-- Problem statement --
Go through the listing and set it down exactly, leaving out its pictures.

-- Recorded data --
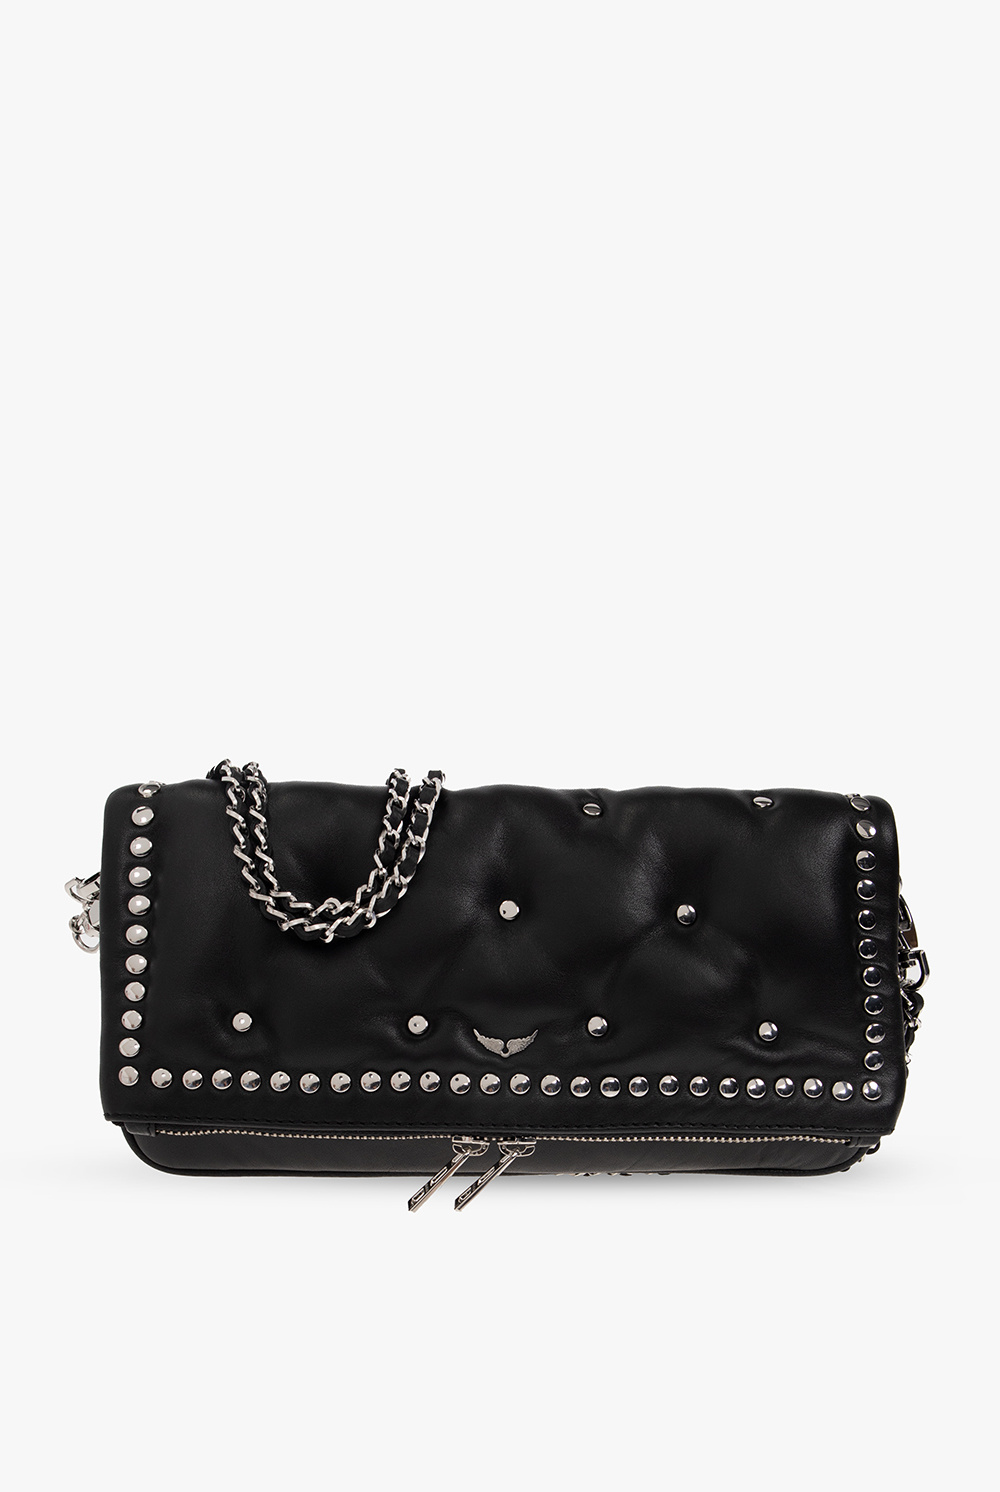 Zadig & Voltaire Womens Noir Matelasse Leather Wallet 1 Size
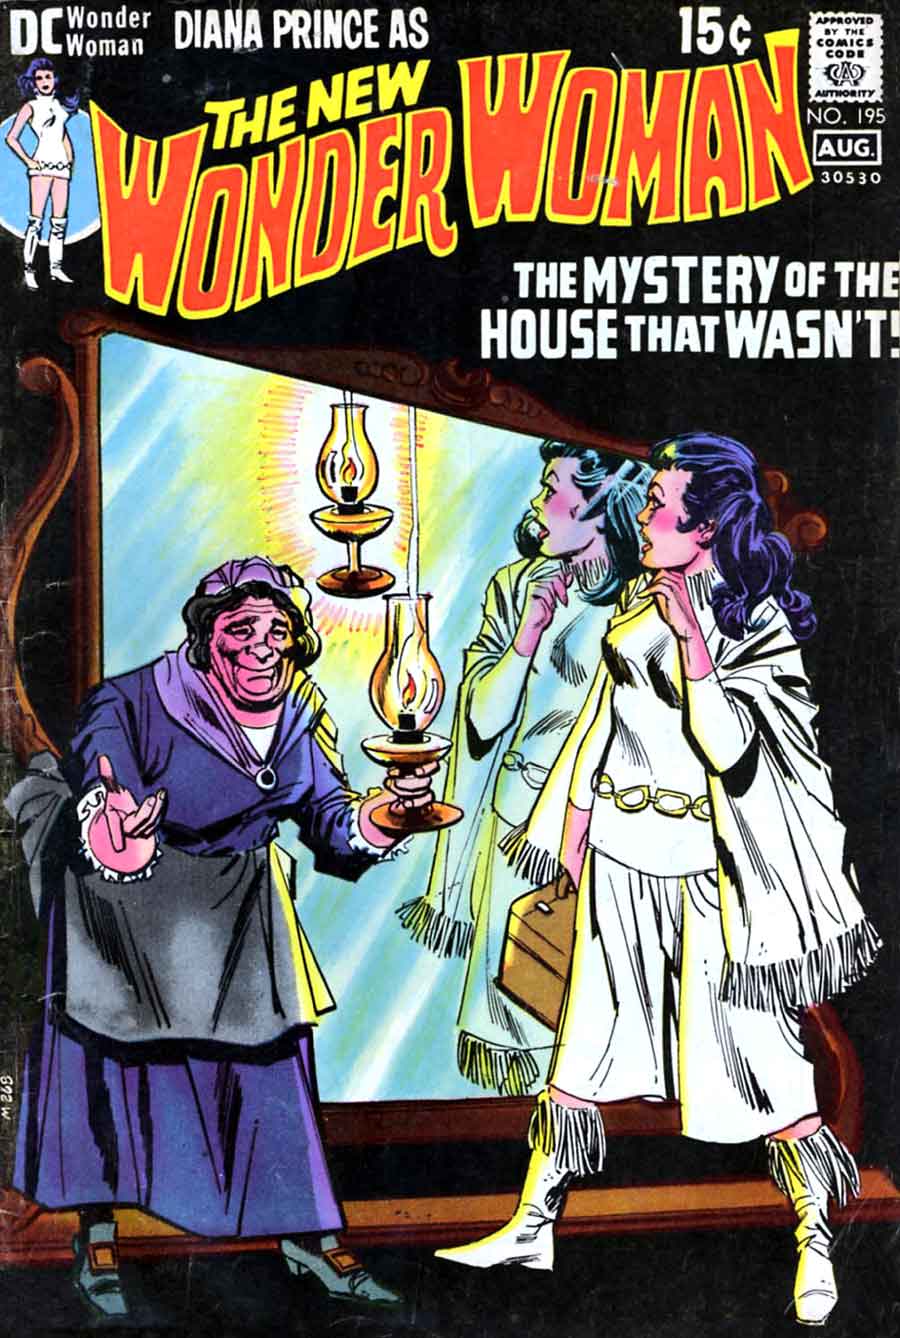 Wonder Woman #195 cover
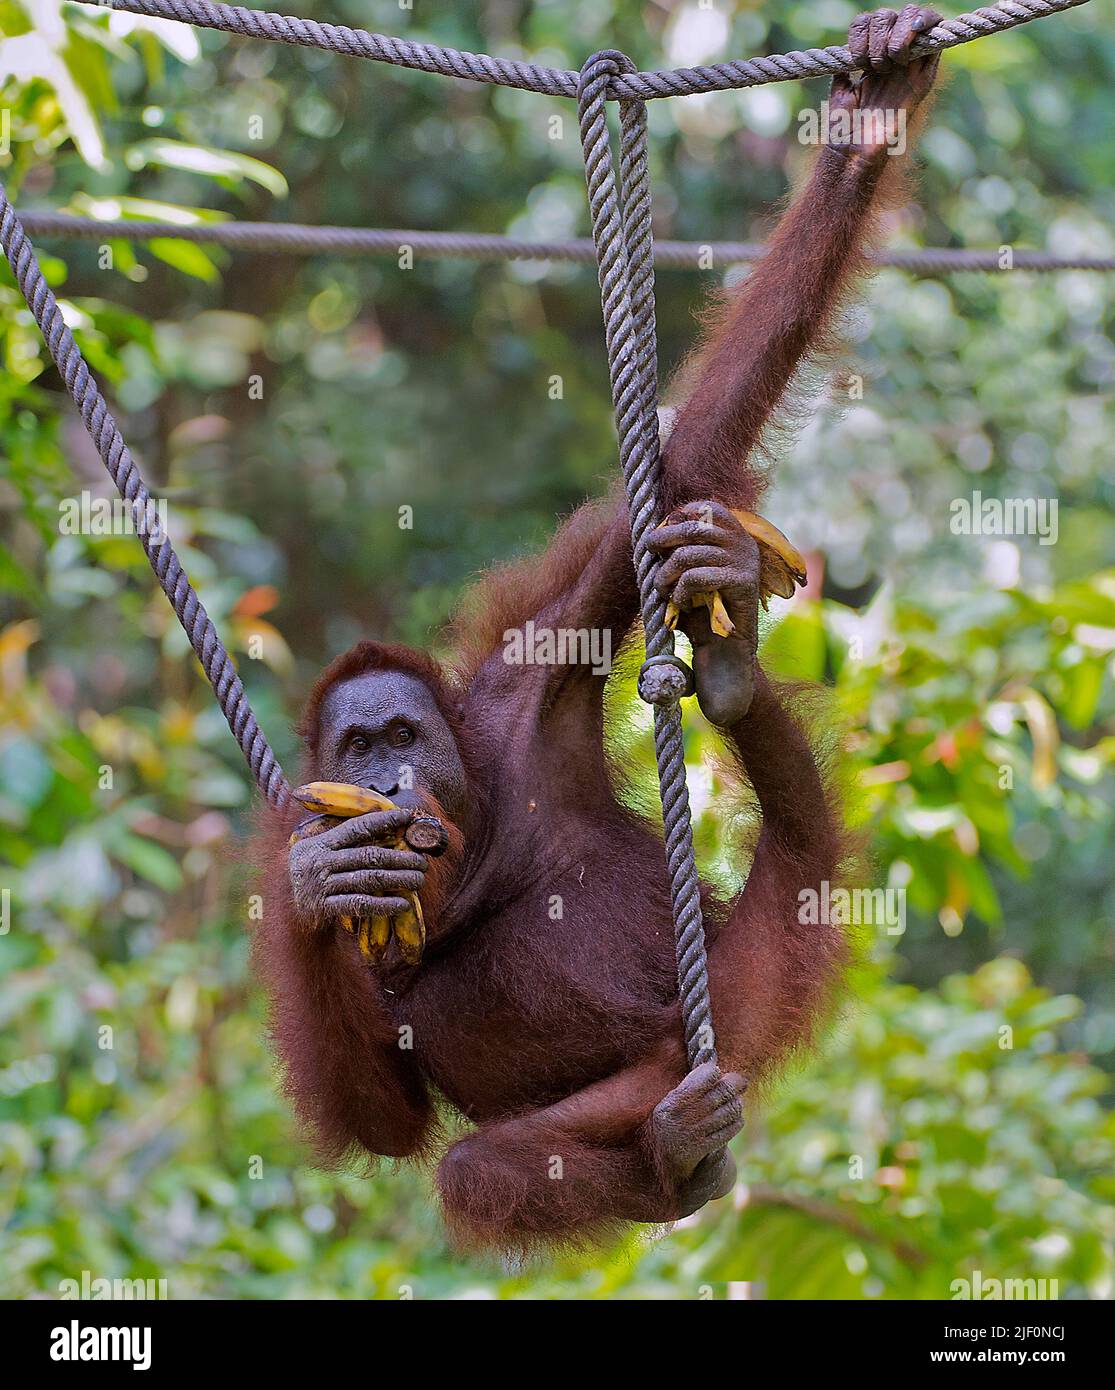 Adult, wild male orangutan feeding and playing in Sepilok Orangutan Rehabilitation Centre, Sabah, Borneo. Stock Photo

-- Task response --
 Zadig & Voltaire Womens Noir Matelasse Leather Wallet 1 Size
 Wonder Woman #195 cover
 Adult, wild male orangutan feeding and playing in Sepilok Orangutan Rehabilitation Centre, Sabah, Borneo. Stock Photo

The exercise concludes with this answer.